“Persistent people are able to visualize the idea of light at the end of the tunnel when others can’t see it”
― Seth Godin, The Dip: A Little Book That Teaches You When to Quit
A friend of mine used to call this time of the semester the walking-through-molasses weeks. There was so much to do, but we students were tired of doing all of it. We hated the food in the cafeteria. We hated the way our professors told the same old jokes or said the same things at the beginning of each test. We hated our teammates in group work. Everything seemed to take longer than it should; there seemed to be obstacles at every turn. We were unhappy and grumpy.
People always disappeared at this point in the semester. They were somewhat of a mystery to my friends and me. (And, later, when I started teaching, they remained a mystery.) These students had put in more than half of a semester, did not withdraw by the drop date, and then gave up with less than a month to go.

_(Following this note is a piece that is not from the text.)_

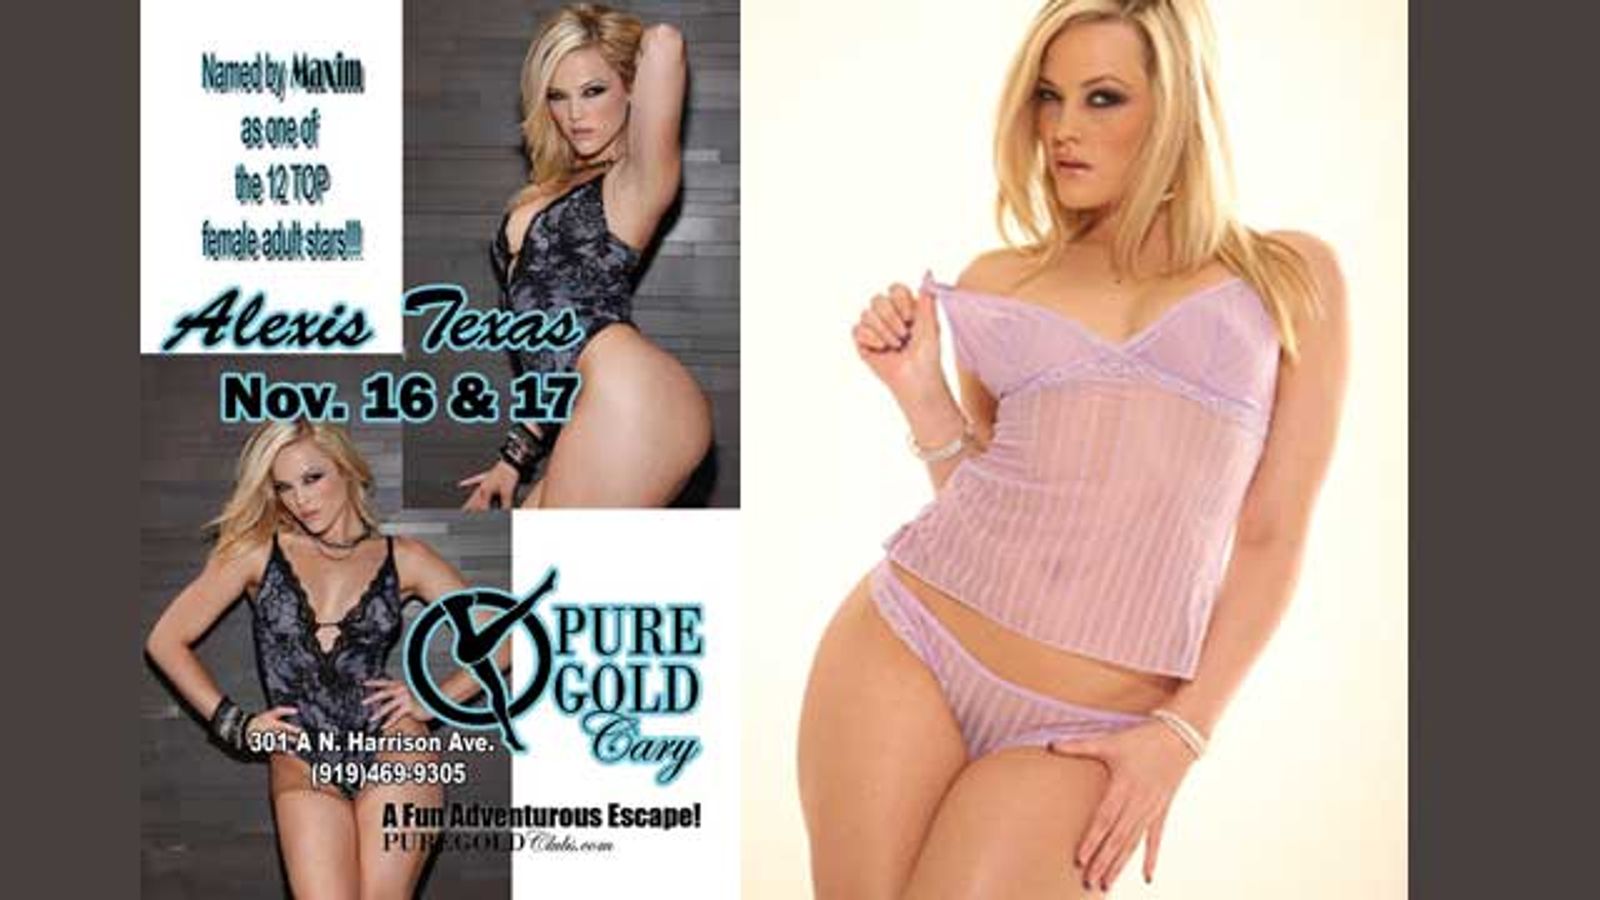 Alexis Texas Brings Her Big Booty to NC for Two Nights

Sure, some of them were failing and probably realized that no amount of effort was going to change things, so they stopped coming to class. But others were passing the courses; they just stopped. I think what may have happened is that they lost sight of their goal, and the daily tedium no longer seemed worth it. However, those who felt just as weighed down by their courses but kept their ultimate goal in mind kept on slogging through the figurative molasses.
Now I’m not one who has made great use of vision boards and written affirmations, but this might be a good time to write down your ultimate dream and pin it up where you can be reminded of why you’re hurting your brain with organic chemistry or shaking at the thought of one more speech.
I’m going to be a nurse or a doctor.
I want to get into the honors program at the university.
Keeping the ultimate goal in mind might not make the slogging easier, but it does keep you moving forward.